Each report contains:
- What was processed (sources, date range)
- What was found (observations, links, new content created)
- What needs human attention (ambiguous cases, failures)
- Where artifacts were written
The inbox is reviewed in the chat interface, not the other way around. The agent does work; the human reviews and promotes or discards.
First agents to implement
1. Journal scanner (scripts/scan-journals.py)
Reads configured RSS feeds and journal sources for a topic. For each new item since last scan, asks a local model: “Is this relevant to [topic]? If so, write a 2-3 sentence observation.”
Writes observations to the appropriate topic’s observations/ directory.
Reports new observations to inbox.
2. Triage enrichment agent (scripts/enrich-triage-agent.py)
Already effectively exists as infer-triage-frontmatter.py but runs
interactively. The agent version runs headlessly, enriches a batch,
and reports results to inbox rather than stdout.
3. Gap reporter (scripts/report-content-gaps.py)
Scans content for broken links, missing term files, unreferenced concepts. Reports gaps to inbox as a prioritized list.
Scheduling
Windows Task Scheduler (or a simple cron-style wrapper) triggers scripts on a schedule. Each script is self-contained: reads its own configuration from frontmatter in a config file, checks its own last-run timestamp, and proceeds accordingly.
The existing scripts/check-environment.py approach (probe, report,
exit) is the model: scripts don’t assume anything about their environment
and report clearly when they can’t proceed.
Configuration
Each agent has a configuration file at
content/personal/projects/emsemioverse/agents/<agent-name>/config.md
with frontmatter encoding:
schedule: cron expression for intended frequencysources: list of feeds, directories, or queriestarget-discipline: where to write artifactsmodel-capability: minimum capability required (links to plan 0053)last-run: ISO timestamp of last successful run
Human review flow
- Agent runs, produces artifacts, writes report to inbox
- Human opens inbox in next chat session
- Human reviews artifacts, promotes good ones, discards poor ones
- Review is the encoding loop, applied to agent output
This is analogous to how plans and decisions are reviewed: the agent produces a draft; the human exercises judgment about what enters the permanent record.
Prerequisites
- Plan 0053 (model capability requirements) should be complete so agents can declare and check their capability requirements
- Plan 0052 (content gap filling) overlaps — the gap reporter agent is the operational form of that plan’s gap-detection step
phi-3-mini-128kshould be loaded in Foundry (for journal scanning where articles may be long)
Files to create
| File | Purpose |
|---|---|
content/personal/projects/emsemioverse/inbox/ | Directory for agent reports |
content/personal/projects/emsemioverse/agents/ | Agent configuration directory |
scripts/scan-journals.py | Journal/RSS scanner agent |
scripts/enrich-triage-agent.py | Headless triage enrichment (wraps existing script) |
scripts/report-content-gaps.py | Gap detection reporter |
Not in scope
- Multi-agent coordination or agent-to-agent communication
- Fine-tuning agents for specific tasks (plan 0052 covers that)
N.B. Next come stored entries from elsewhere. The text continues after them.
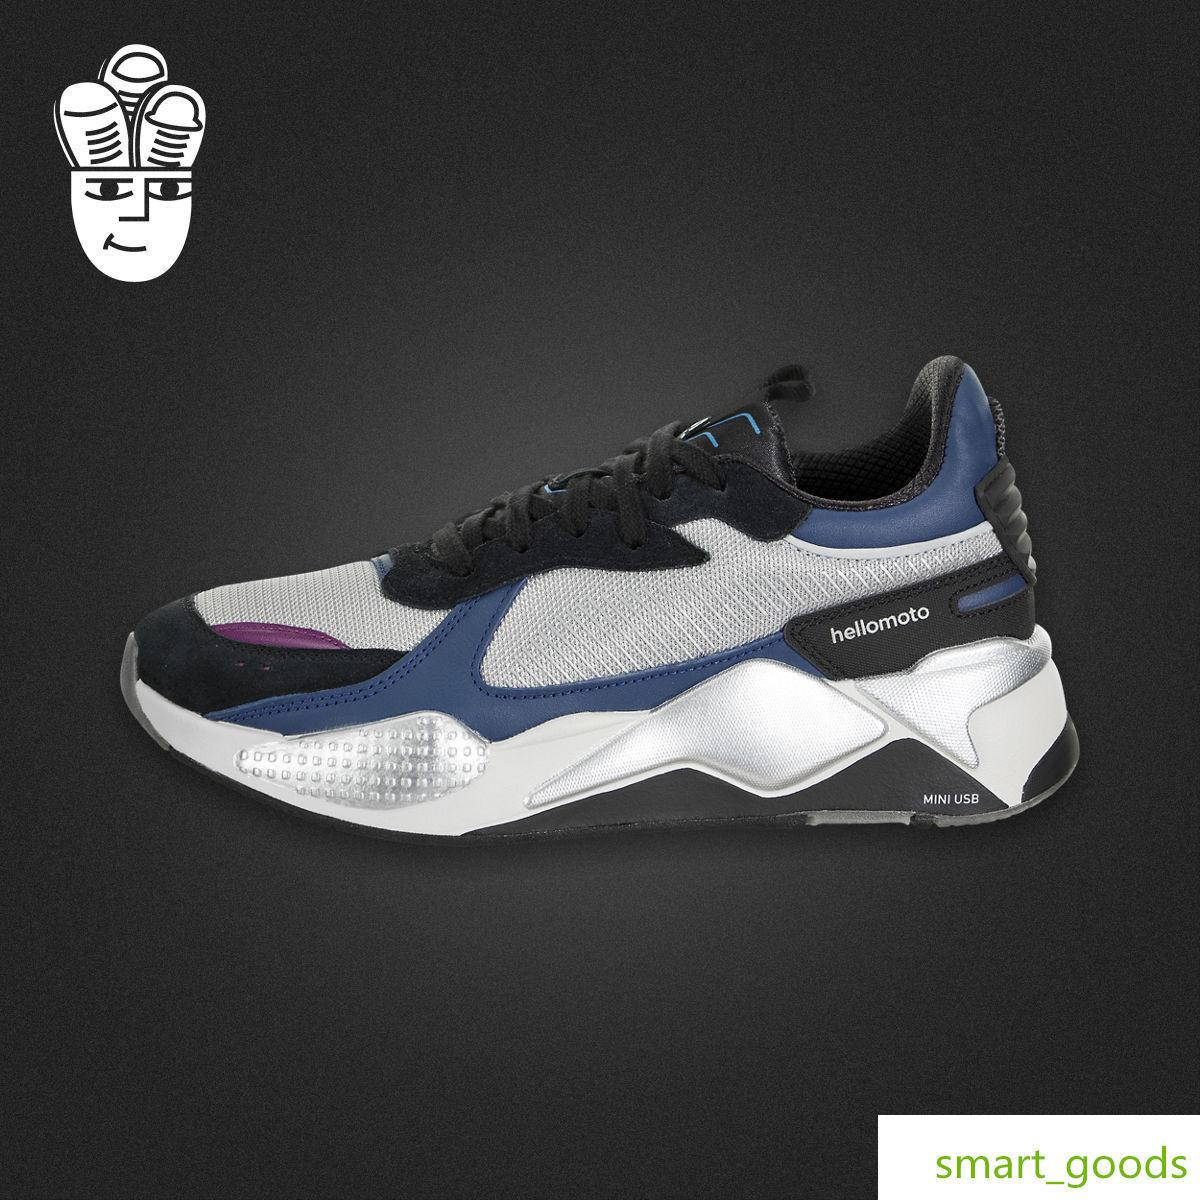 Cougar Rs -x Tech Мужской Лошадь Наука и Техника Ветрозащитные кроссовки Motorola совместно финансируют повседневную обувь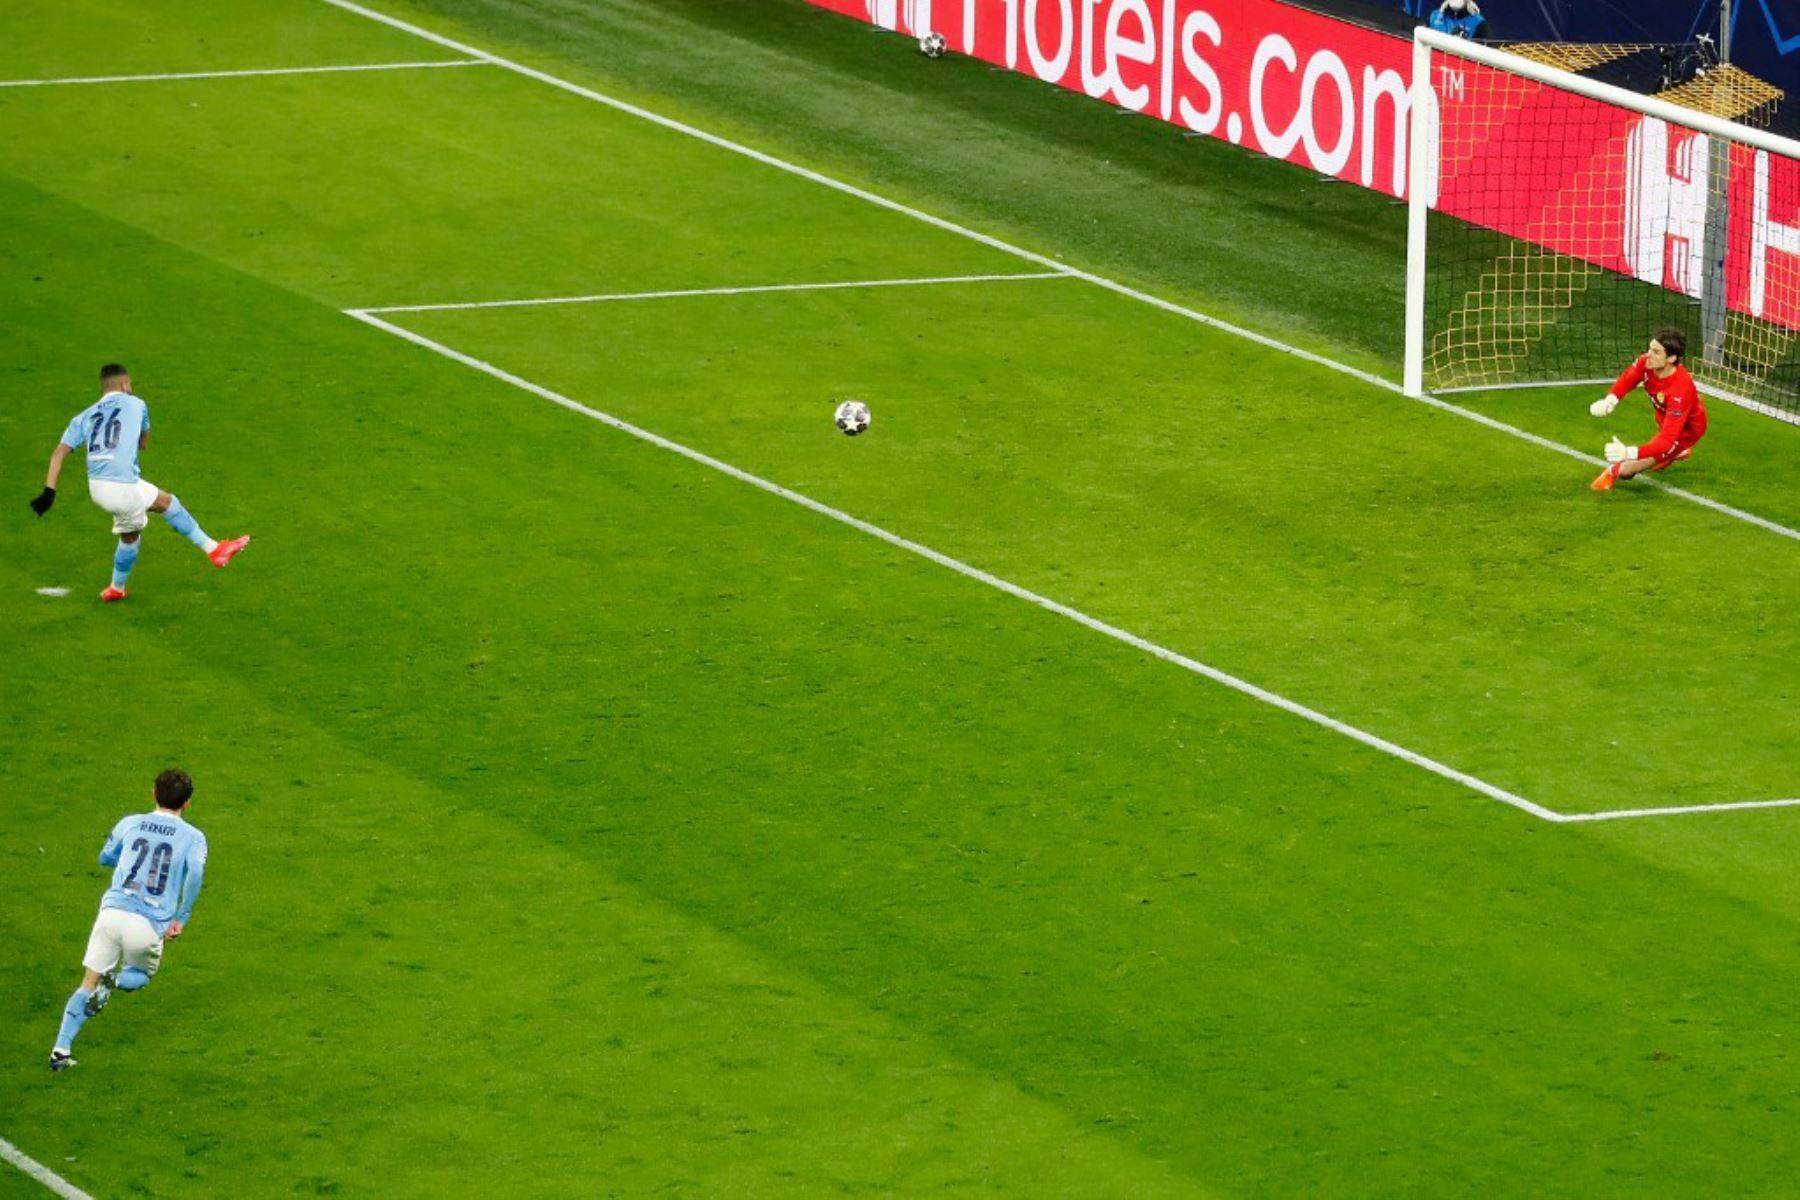 El centrocampista argelino del Manchester City Riyad Mahrez anota el gol 1-1 desde el punto de penalti pasado el portero suizo del Dortmund Marwin Hitz (R) durante los cuartos de final de la Liga de Campeones de la UEFA en el segundo tramo del partido de fútbol entre el BVB Borussia Dortmund y el Manchester City en Dortmund.  Foto: AFP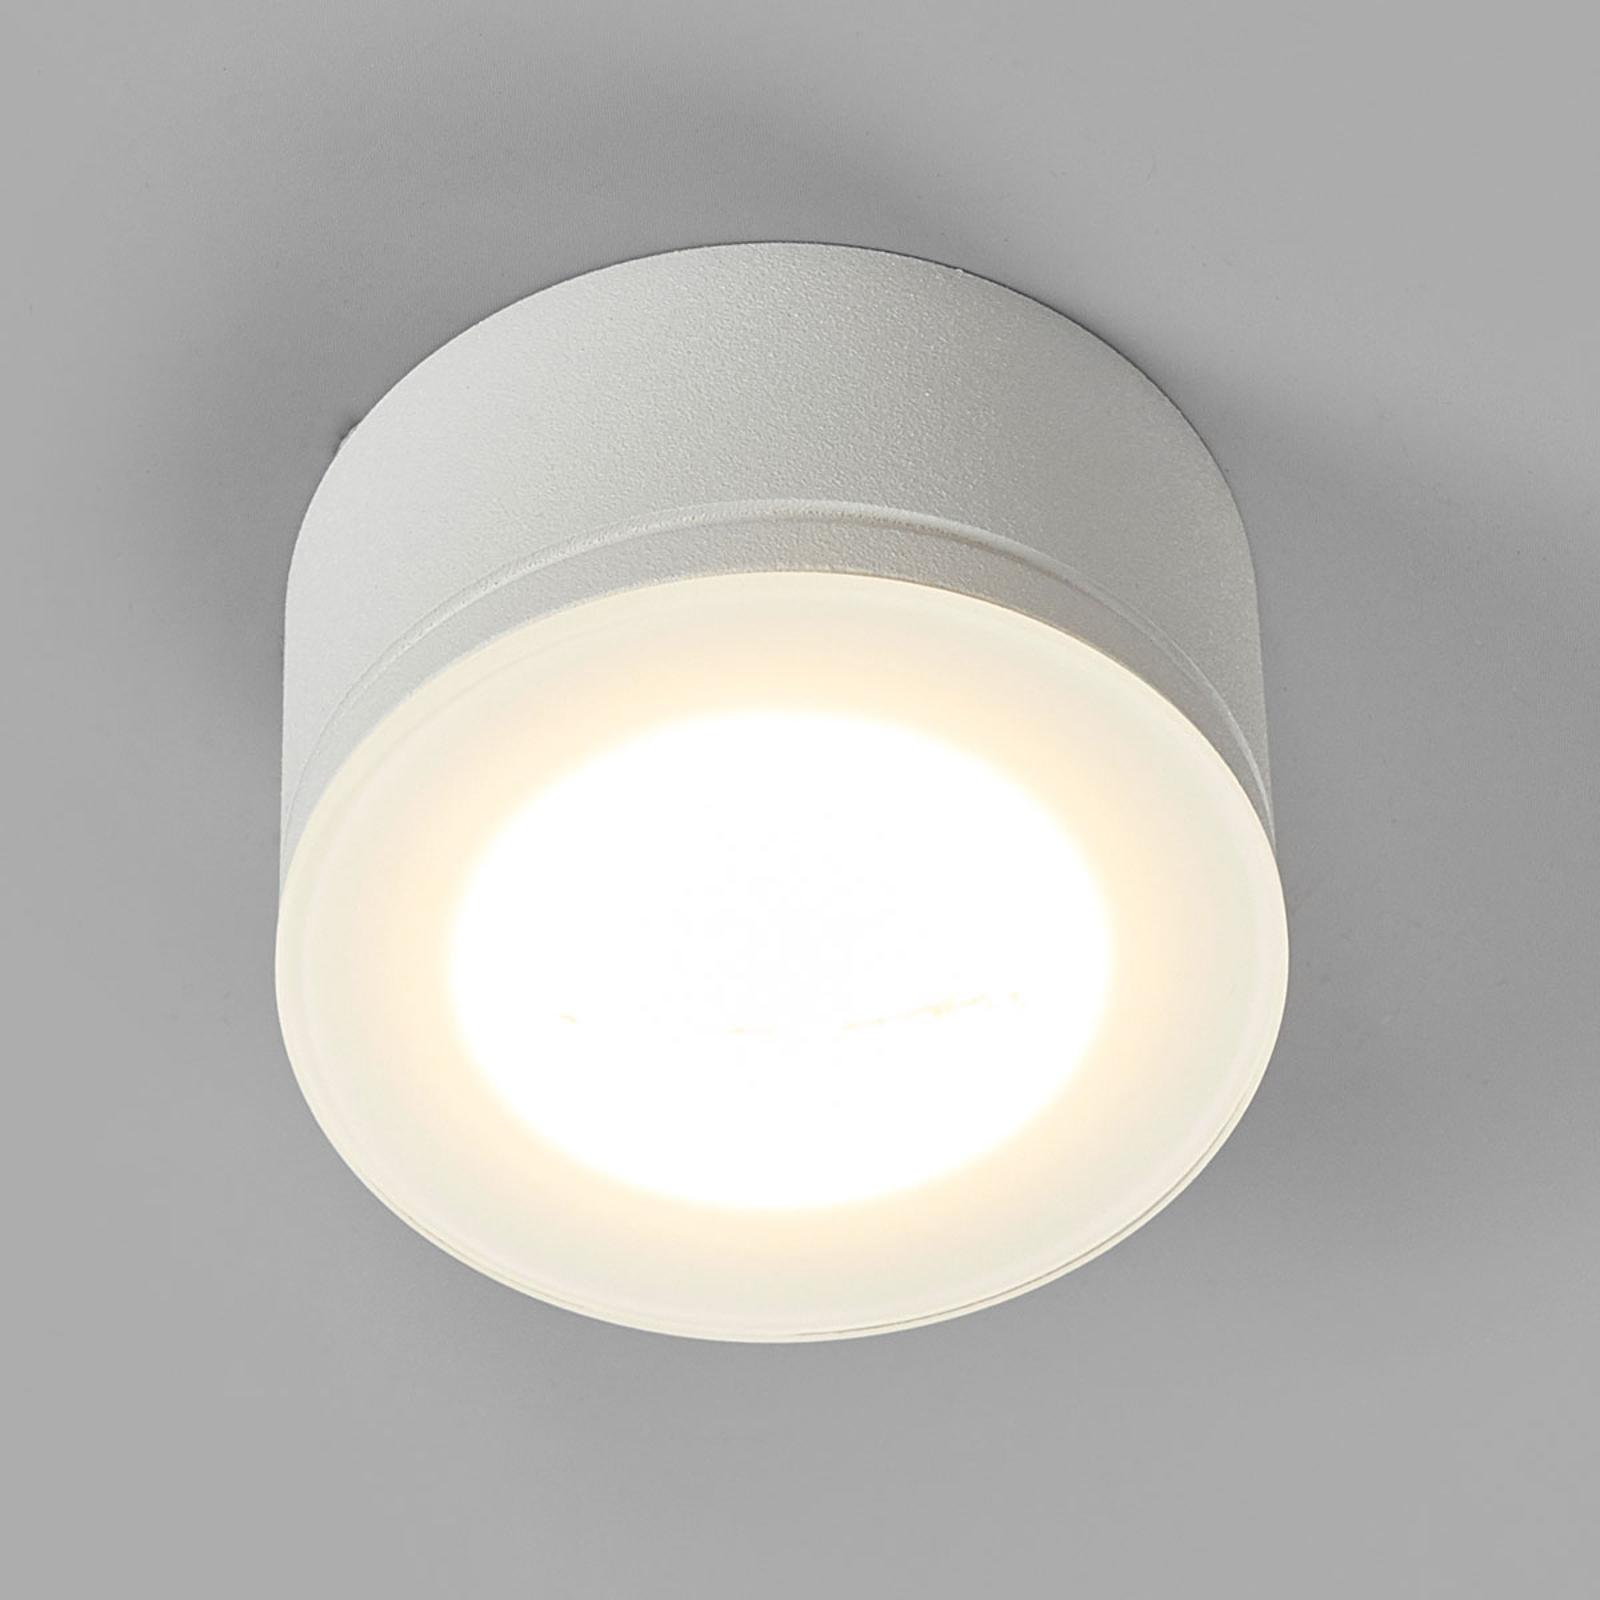 Für innen und außen - LED-Deckenspot Newton 35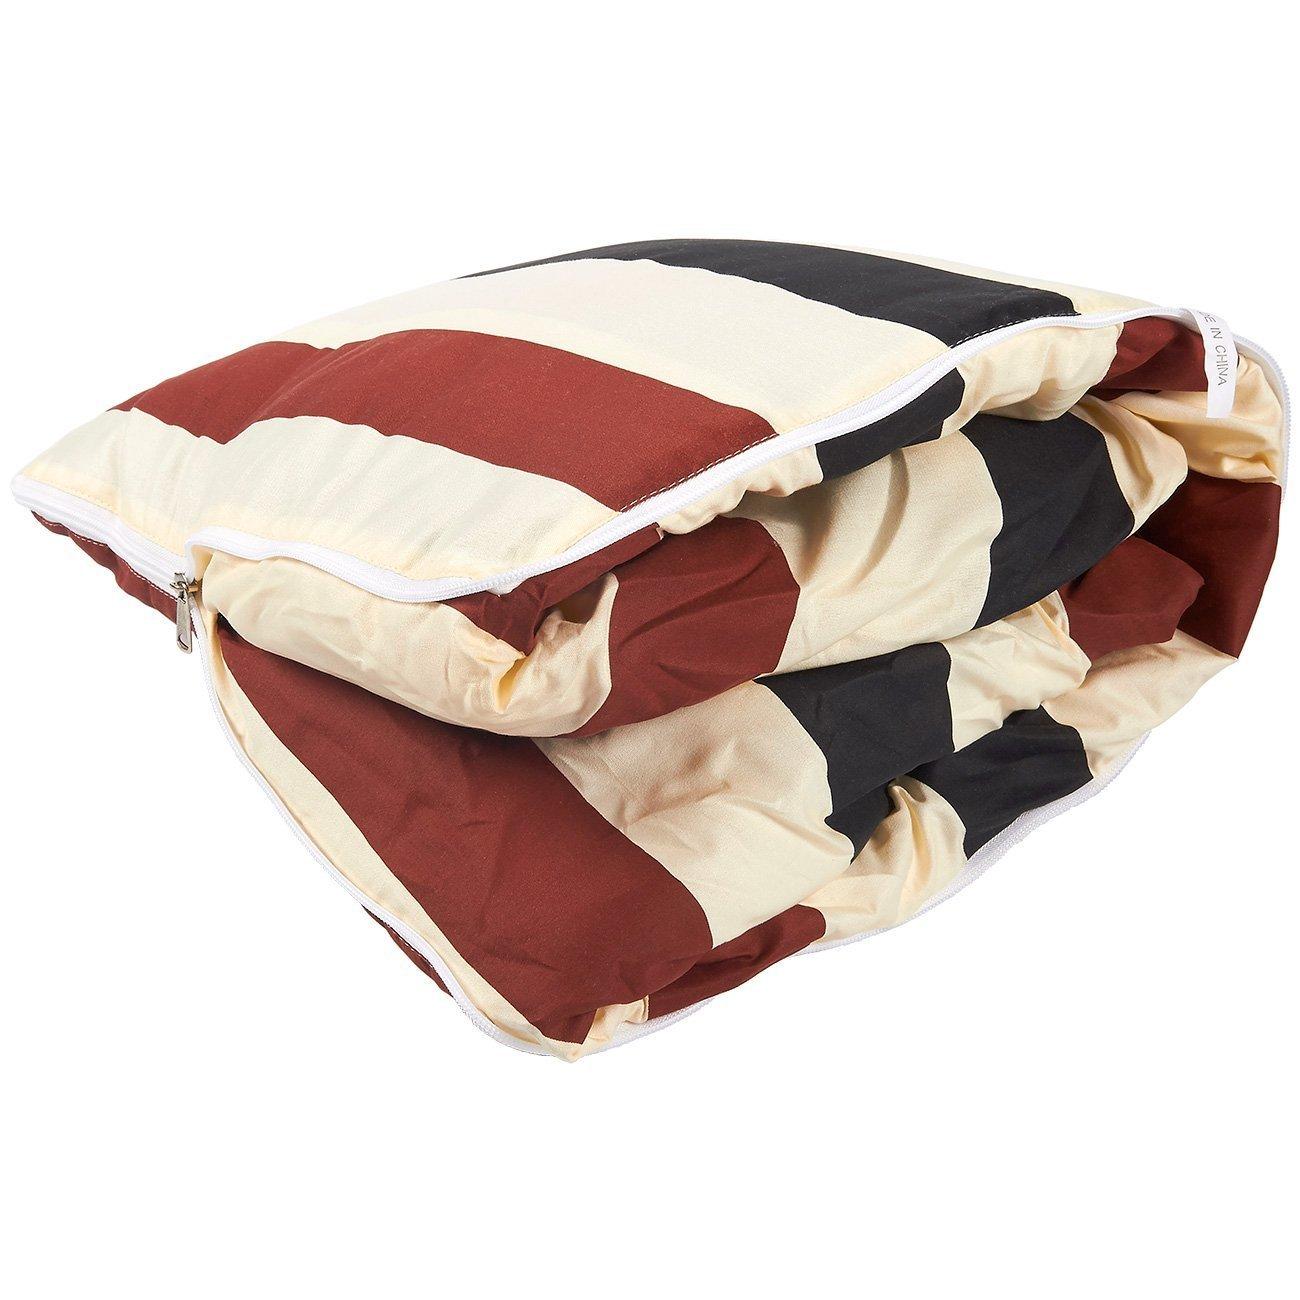 Juvale Travel Blanket Pillow 2 in 1

- Replacing the chat interface for complex judgment tasks
- External API access (agents work only with local data and local models)
Log
- 2026-03-08: Plan created. Captures emsenn’s intent to have local models handle recurring operational tasks (journal scanning, background research) with reports delivered to an inbox, rather than driving operations exclusively through the chat interface.